Bloomington Herald-Times, May 10

Taiwanese educators study IU
By Steve Hinnefeld
May 10, 2007

National Taiwan University is the leading university in Taiwan. But that's not good enough for the Taiwanese government, or for the school's administrators.

They want it to be one of the top 100 universities in the world. And to reach that goal, officials say, the 32,000-student institution in Taipei needs to improve the quality of its teaching and learning.

That's why officials from NTU's Center for Teaching and Learning Development were in Bloomington this week, meeting with Indiana University faculty members and touring the IU campus.

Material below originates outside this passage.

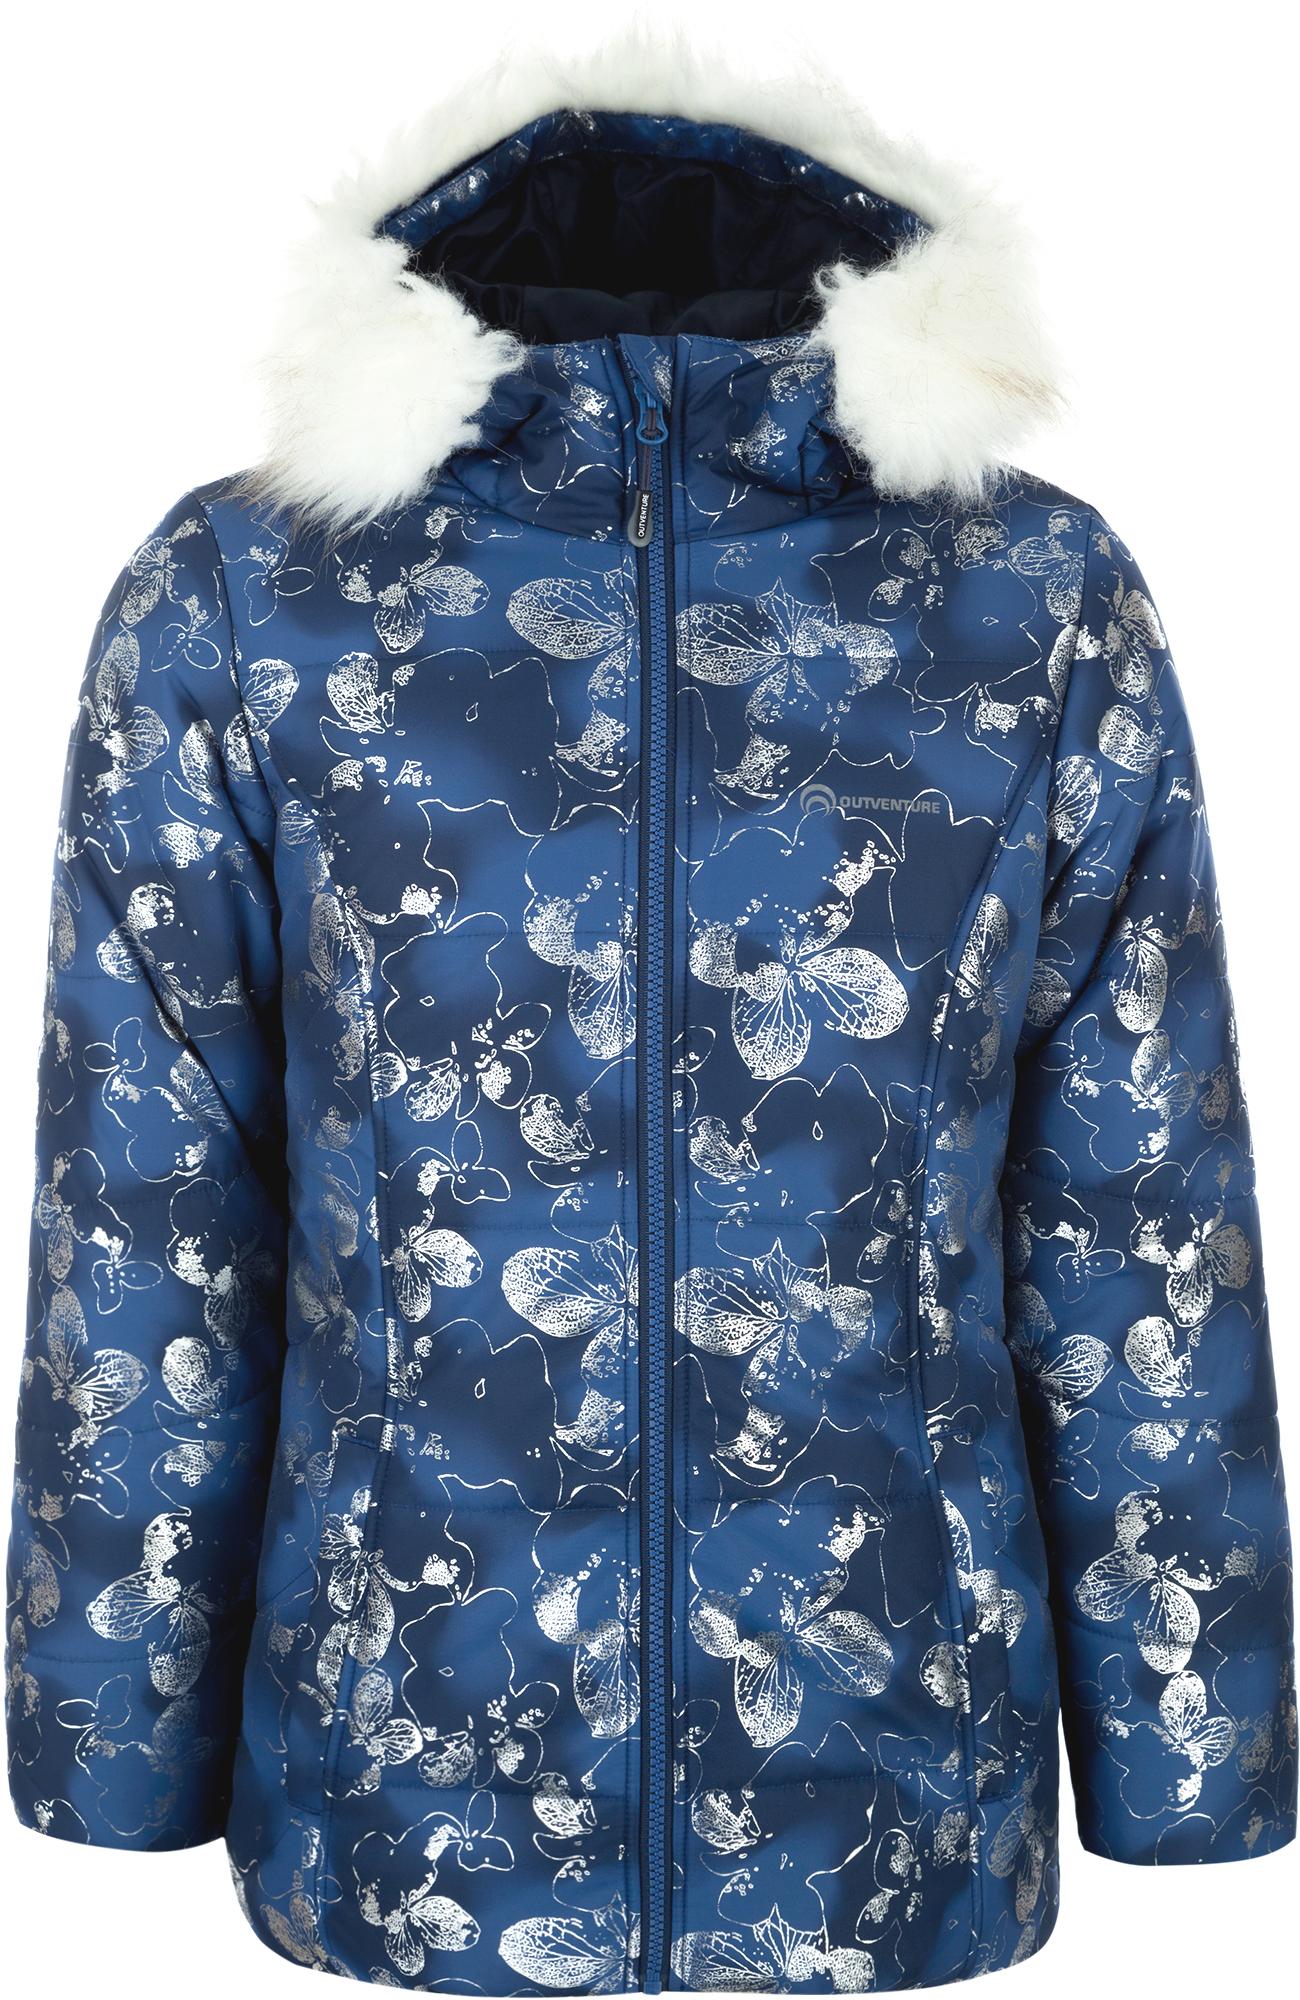 Outventure Куртка утепленная для девочек Outventure outventure куртка утепленная для девочек outventure
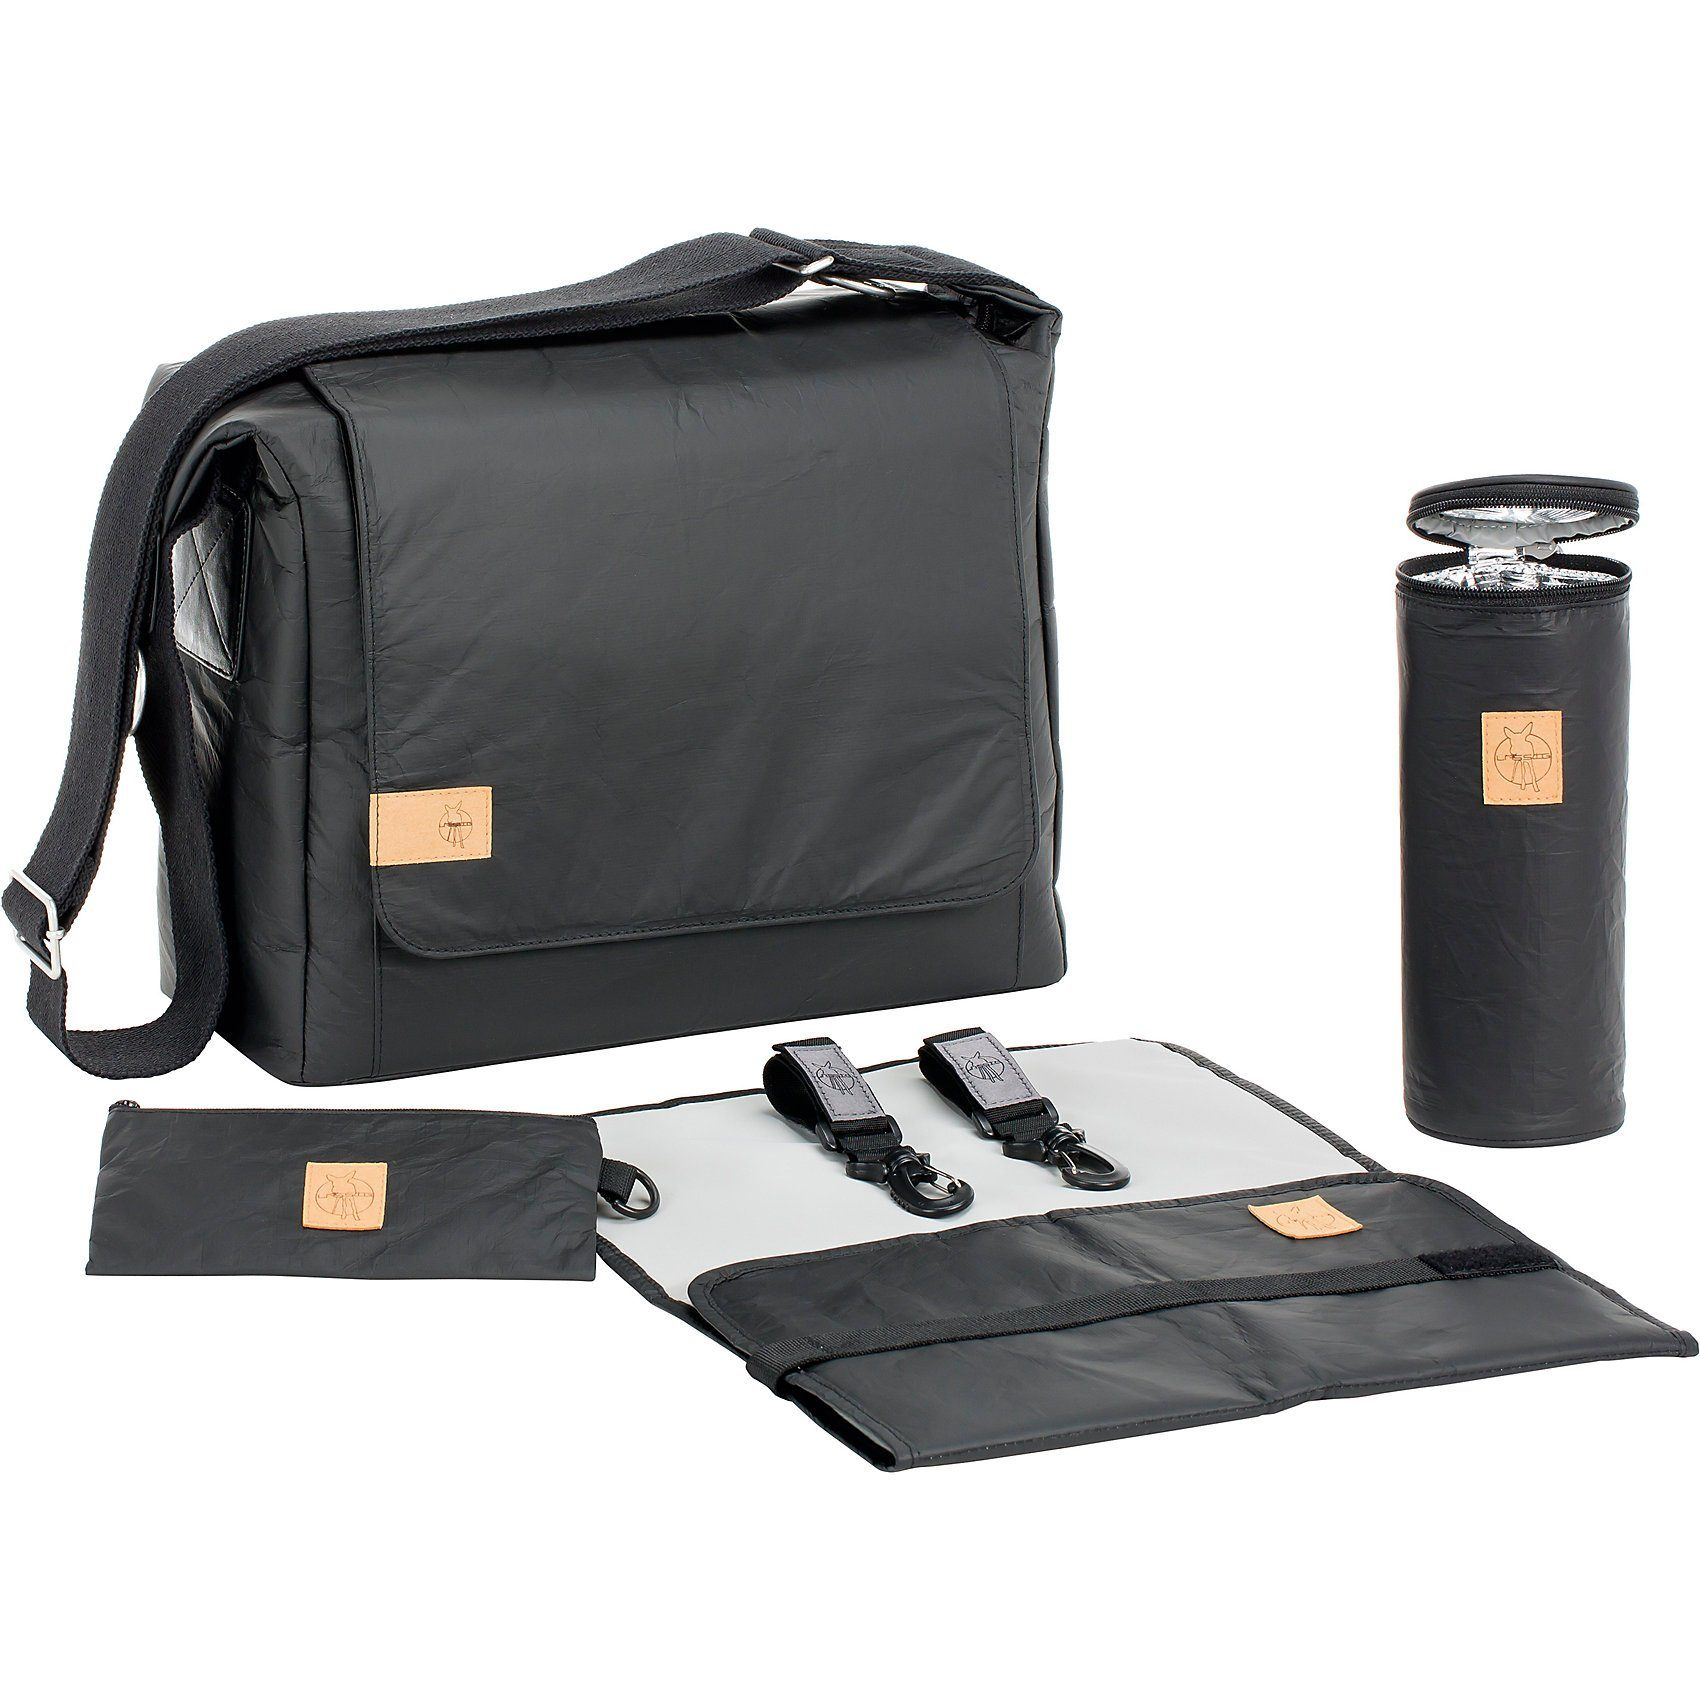 Lässig Wickeltasche Messenger Bag Tyve, Greenlabel, black

"We don't want our faculty to focus on research only," said Yi-Huah Jiang, a political science professor who directs the teaching-and-learning center. "A university is different from a research institute."

A seven-member delegation's Indiana visit was squeezed between trips to the universities of Michigan and Illinois. A year ago, the same group toured U.S. East Coast universities.

Been-Huang Chiang, the dean of academic affairs at NTU and the leader of the delegation, said the group is determined to improve college-level instruction for the benefit of its students.

"These students we have are the leaders of Taiwan in the future," he said.

The educators said they picked up concrete ideas at IU, such as locating academic centers in student dorms and offering intensive language instruction for international students.

Jiang liked IU's Center for Educational Sciences Research and P-16 Collaboration, established to work with elementary and secondary schools. He said too many undergraduates aren't ready for the rigors of college, and "if you want to change that situation, you have to change the high-school teaching."

While NTU is highly regarded, it is part of a higher education system in flux, the officials said. Taiwan's college-age population has declined, and some universities are likely to close. And East Asia is a hotbed of competition, with strong universities in Japan, China and Hong Kong.

Chiang said Taiwan universities face the same pressures as their U.S. counterparts: growing competition, public funding that doesn't keep pace with needs and concern about rising student costs.

"This year we tried to raise tuition 3 percent," he said. "There were protests and pressure from legislators."